Looking at just the low level plumbing aspects, the things that JFX was
lacking that would make my specific validation framework easier to
implement are discussed in this thread:

The ability to visually annotate or mark up a node (or control) is the key
one for me. This would be useful both for validation frameworks but would
also have much wider applications (which is a good test of 'plumbing' in my
mind), such as marking up nodes for 'live help' or highlighting nodes when
doing a guided walk-through of an application in 'tutorial mode'.

After our discussions in that thread I've personally come to the conclusion
that a consistent 'value' property is not actually a strong requirement but
that some of the controls (i.e. ChoiceBox) were just lacking a value
property and I believe this has been is or is being addressed.
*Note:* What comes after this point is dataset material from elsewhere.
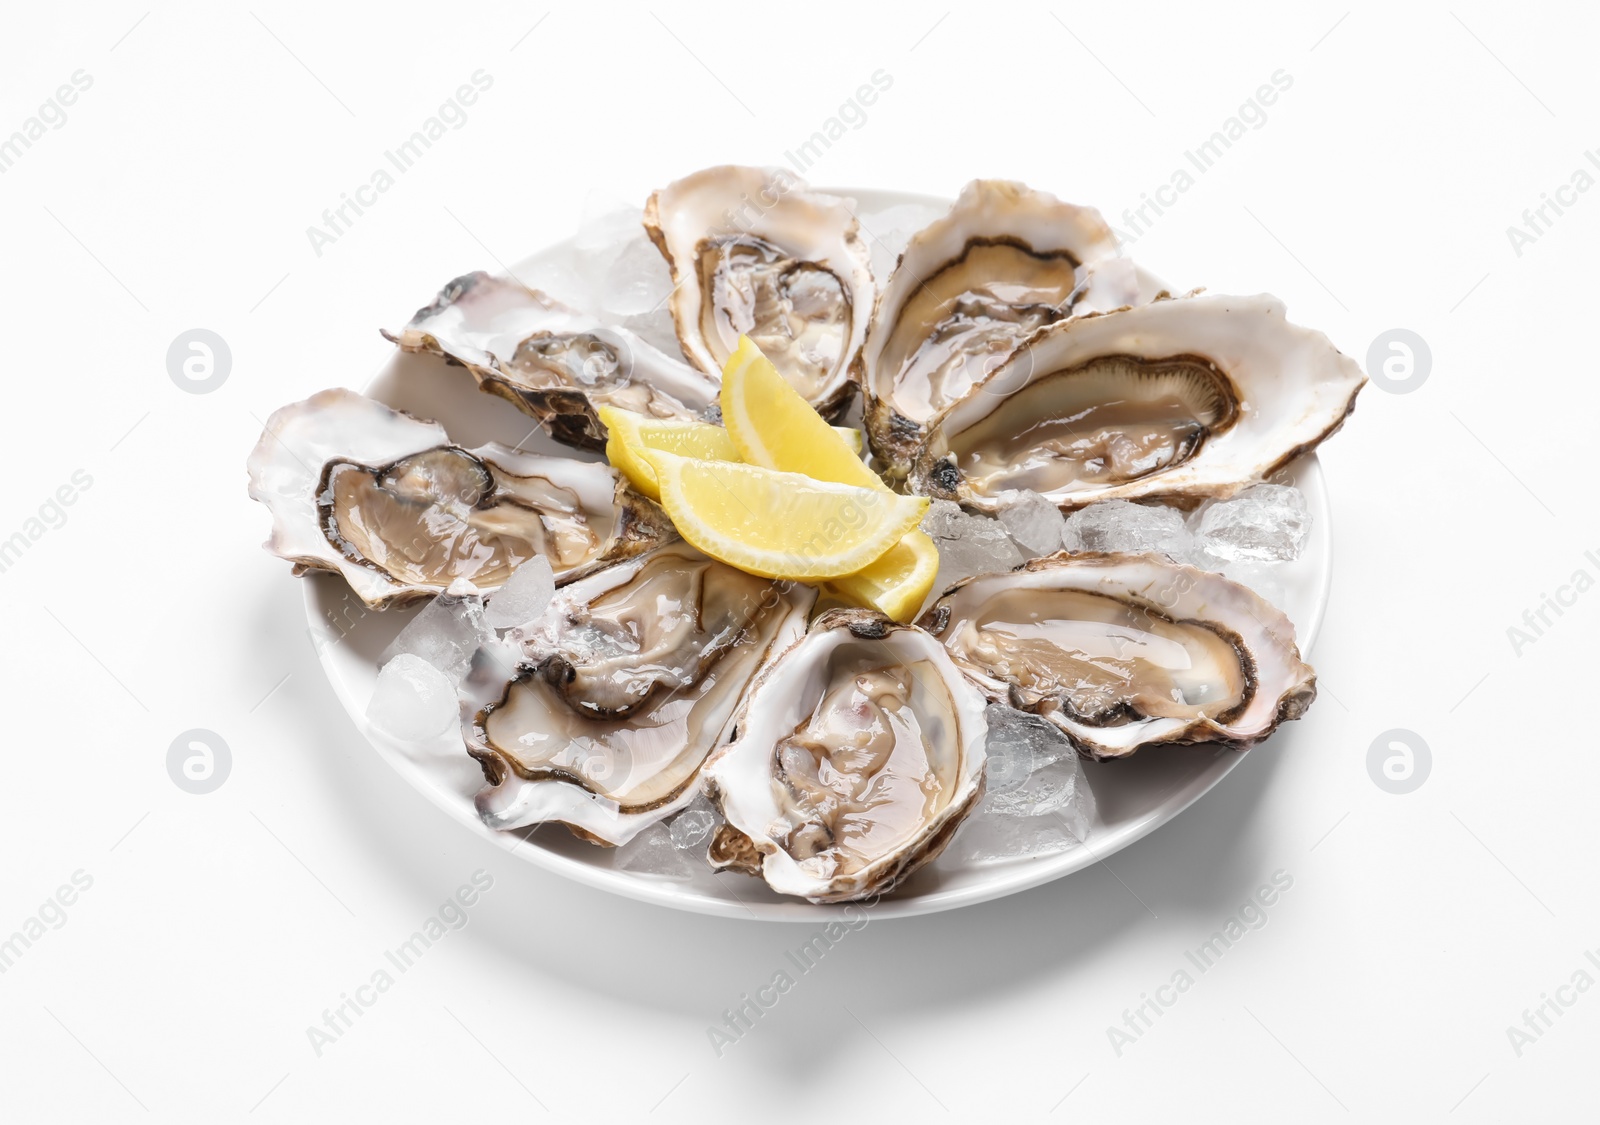 Photo of Delicious fresh oysters with lemon slices isolated on white

Additionally to the earlier issues, the other big plumbing thing that was
not up to the level needed yet was the JFX Tooltip API. The current tooltip
mechanism is very simple and I really would have benefited from being able
to specify specific tooltip timings and features on a per-control basis
(i.e. when a field has an error I want to be able to show the tooltip
instantly when the field has focus and keep it visible, but without an
error, the tooltip can go back to normal). There is an existing JIRA
request for this sort of thing:

On Tue, Feb 21, 2012 at 5:07 AM, Jeff McDonald < at>wrote:

> As part of the App kernel frameworks discussion Richard has discussed the
> need for a validation frameworks. I'm breaking out the discussion on
> validation because the topic is broad enough to benefit from a focused
> discussion.
> My random thoughts:
> - All of Java can benefit from validation, and not just JavaFX. Where
> should a validation frameworks fit into the Java ecosystem?
> - Thinking about validation there are two categories that I can think of
> (1)passive validation - this is the most obvious. A users types in a value
> and submits it and validation is performed and either the input is bad or
> it's good. (2) active validation - input is evaluated and validated during
> the input process. As an example: Let's say you have a field that accepts
> an email address. With passive validation the user could be informed that
> they entered an invalid email address. In an active validation system the
> field could restrict the user from entering invalid characters or stop
> accepting input once a maximum size is reached.
> - JavaFX can benefit from both passive and active forms of validation. The
> important question becomes how to implement validation into the UI. Where
> to place the hooks and response behavior in the UI code.
> - What things work great in existing validation frameworks? What sucks?
> - What libraries do you use? Why did you pick that library?
> - What is missing from existing validation frameworks?